Бар был довольно простенько обставлен. Стойка со стеллажом, сверкающим разномастными пузатенькими бутылками, позади бармена, уйма столиков со скошенными углами. Пара модных и совсем непонятных картин на стенах, мягкий, рассеянный свет. Никакой вычурности, однако, вопреки логике, место все больше напоминало точку сбора любителей Дня святого Валентина. Хотя сердечек и прочей ванильной атрибутики не наблюдалось.
Пары за столами повально сидели, держась за руки. Те же, кто пришел с друзьями, просто весело общались. Причем так, будто души друг в друге не чаяли.
Может, тут поветрие какое? Или вирус. Иначе чего же и я вцепилась в Бранова, как утопающий за соломинку?
Та самая Мариша вскоре вернулась и принесла два непомерно огромных блюда с пастой и тарелку с чесночными гренками. На мое робкое: «Извините, но я ничего из этого не заказывала», девушка на удивление миролюбиво улыбнулась и ответила, что мой спутник предупредил, что я буду сопротивляться, и передал:
— Цитирую, — прищурилась официантка, припоминая, — «Мика, бросай валять дурака и нормально поешь, наконец».
Что поделать? С улыбкой вооружившись вилкой, я легко намотала порцию пасты, щедро сдобренную сливочным соусом, и с удовольствием отправила в рот.
— М-м-м… — от блаженства захотелось зажмуриться и безостановочно вопить: «Bellissimo! Mamma mia!»
— Я же говорил, что есть захочешь.
Абсолютно довольный и, похоже, вполне здоровый аспирант уселся прямо передо мной, грохотнув парой кружек с темным питьем, и захрустел гренкой.
— Я не знаю, что… — я снова с остервенением воткнула прибор в макаронный клубок. — Так вкусно! Я словно век не ела!

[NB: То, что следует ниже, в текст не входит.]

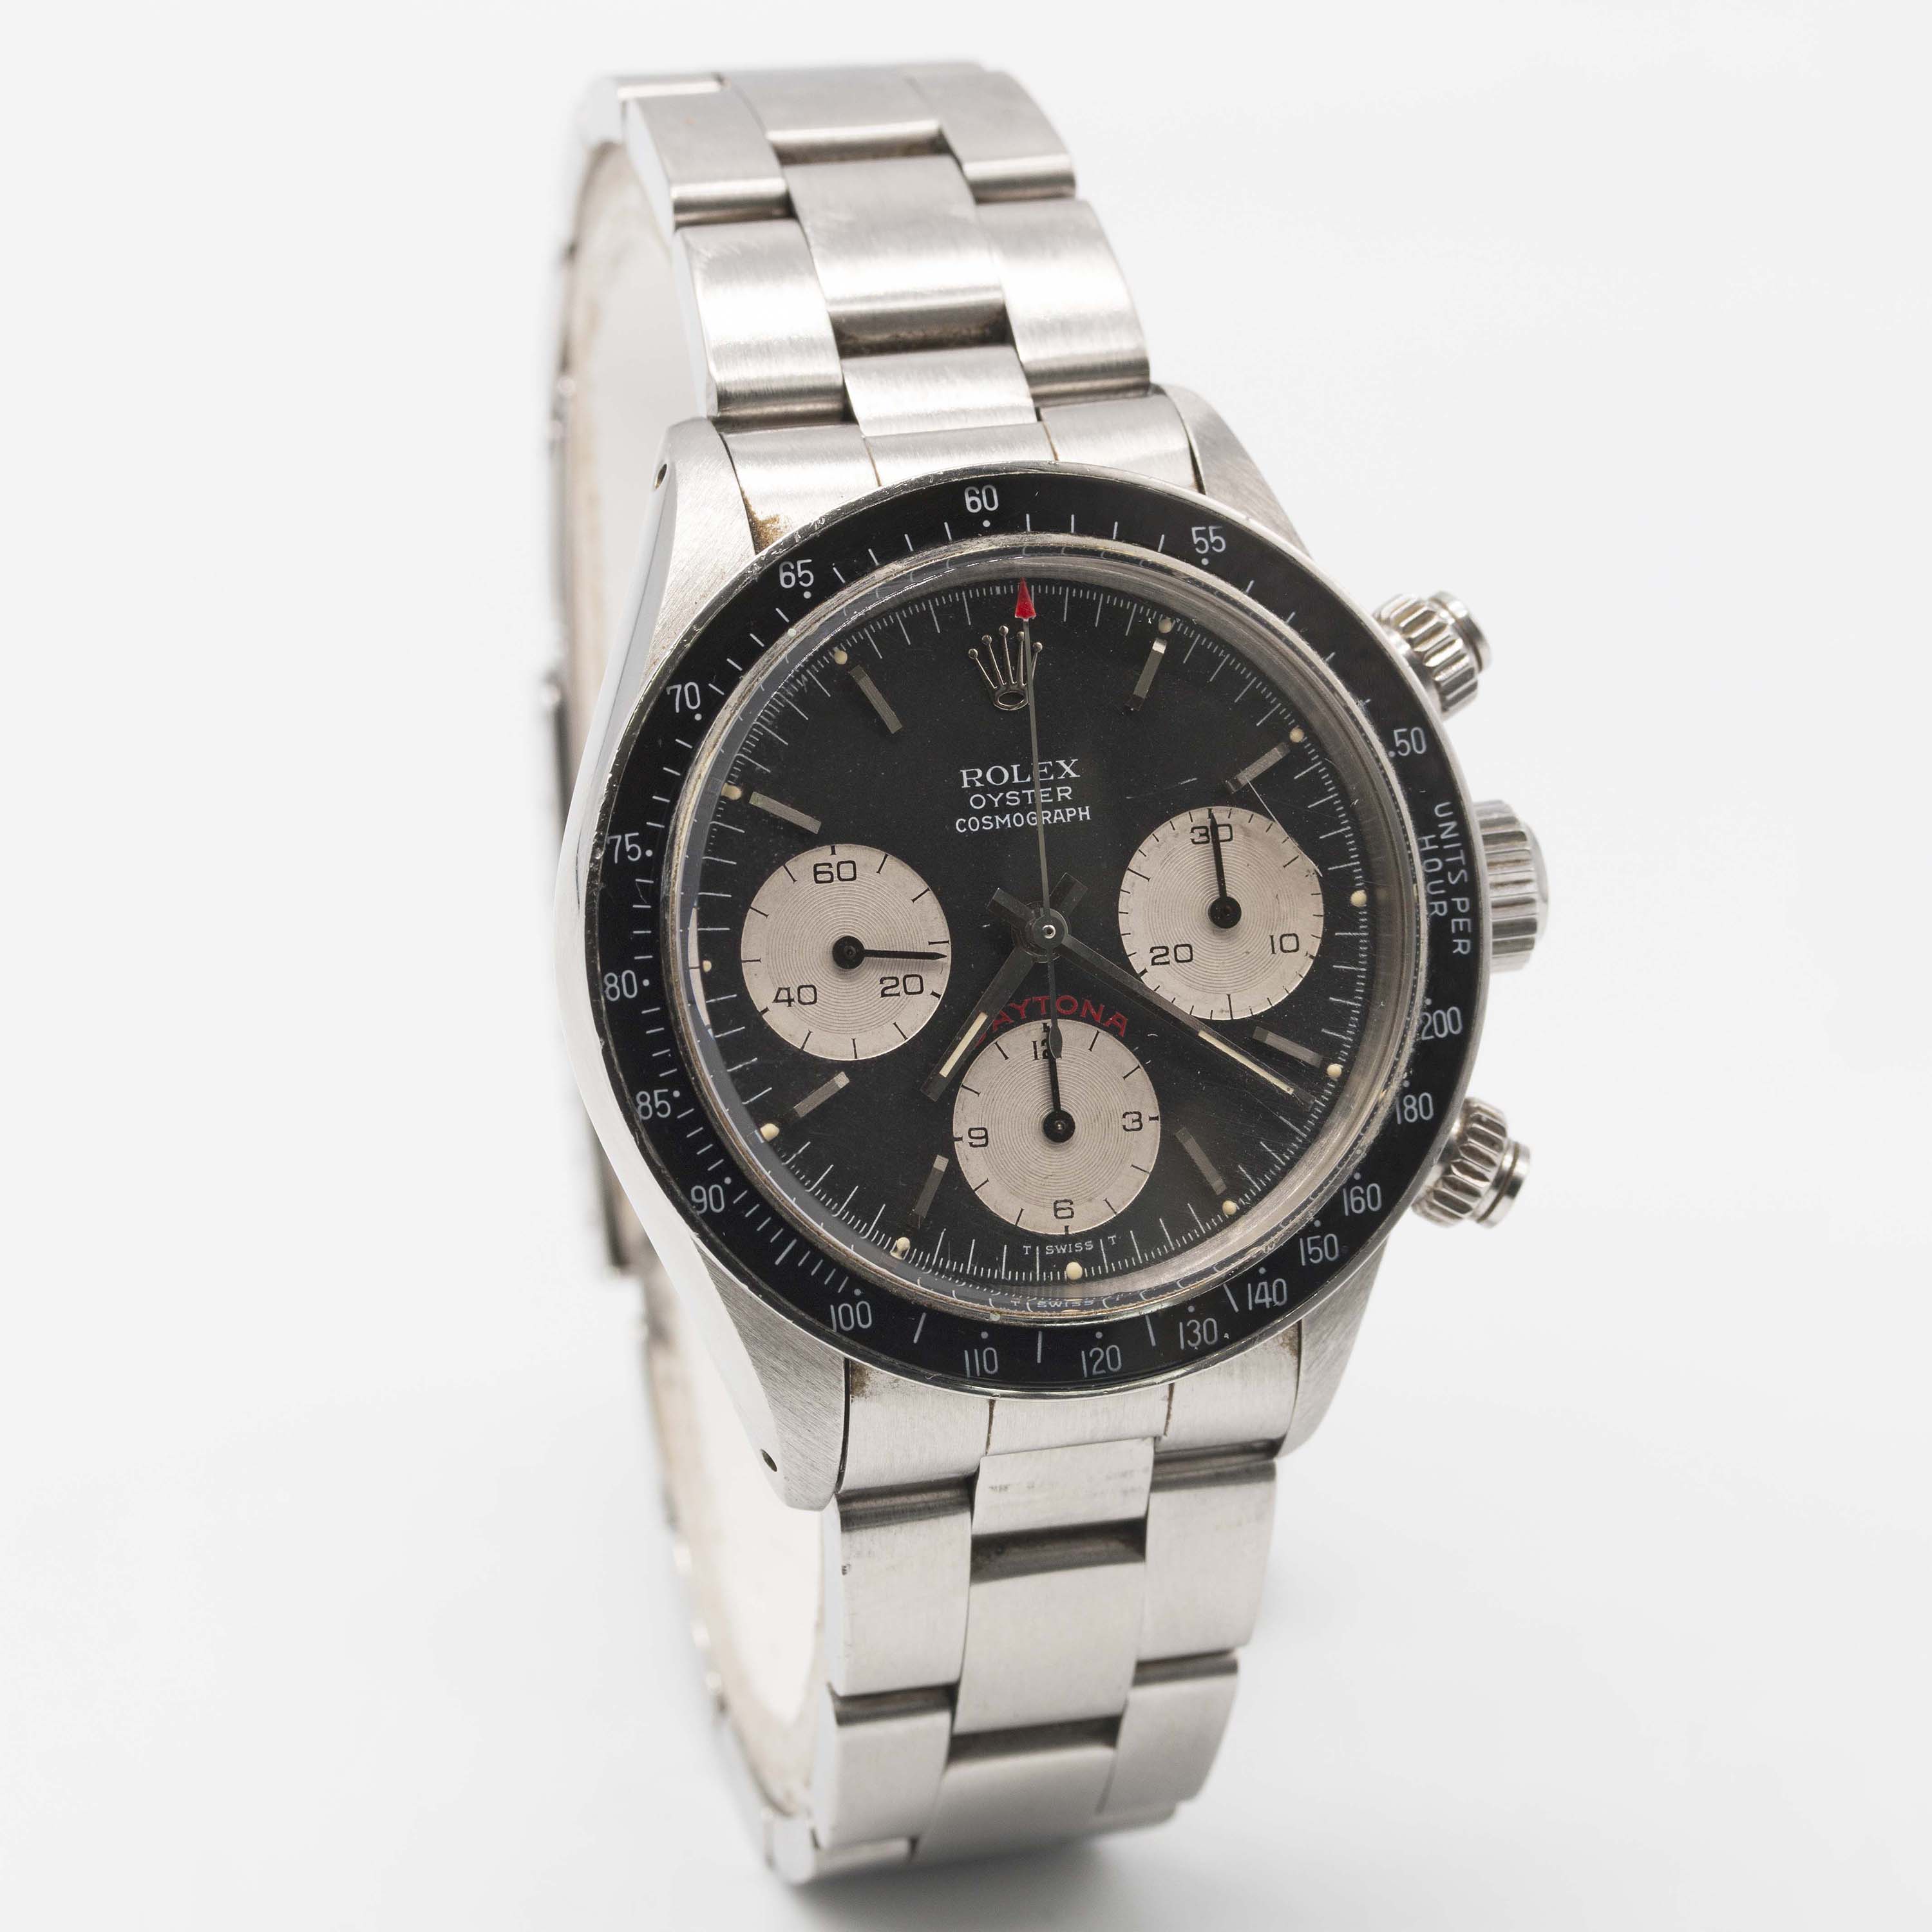 A VERY RARE GENTLEMAN'S STAINLESS STEEL ROLEX OYSTER COSMOGRAPH DAYTONA BRACELET WATCH CIRCA 1979, - Image 6 of 12

Как я выгляжу с набитым ртом, мне было плевать. Жизнь словно секунда за секундой приобретала краски, желудок наполнялся сытостью, а раздражение давным-давно почило. Стало тепло и хорошо. Захотелось попританцовывать на месте, крутя головой и вслушиваясь в пустяковые разговоры соседей.
Я прожевала и снова ринулась уничтожать пасту. И как только мне могло здесь не понравиться?
Бранов снисходительно поулыбался еще немного, глядя на меня, и тоже принялся за еду.
— Ты, главное, пей, — подтолкнул он ко мне кружку.
Не раздумывая, я отпила и тут же сморщилась, прижав ладонь ко рту. Густая жижа, будто кисель, но без намека на сладость. Терпкая, обволакивает гортань и желудок.
— Пей, пей, — повторил аспирант, явно довольствуясь моим обескураженным видом.
— Гадость какая!
Бранов тоже отпил, попричмокивал, пытаясь распробовать.
— Да вполне себе ничего, — пожал плечами он. — Серега на сей раз расстарался. Самого себя превзошел. Это у тебя просто все рецепторы разом обострились.
Я отставила кружку, размерами больше напоминающую бадью, и с недоумением уставилась на аспиранта. Тот с неземным удовольствием на лице уминал пасту, разве что котом не урчал.
— А что не так с моими рецепторами?
Бранов неторопливо прожевал, проглотил.
— Такой уж побочный эффект у восстановления ауры. Но это быстро пройдет, хотя у тебя такое впервые… — он со странной задумчивостью в темных глазах уставился на меня и с какой-то подозрительной поспешностью потянулся к кружке.
— Так, — с превеликим усилием отодвинула я от себя тарелку с почти приговоренной пастой, — помнится, вы, Ян Викторович, обещали все мне рассказать.
— Поем сначала, — буркнул тот с уже вновь набитым ртом.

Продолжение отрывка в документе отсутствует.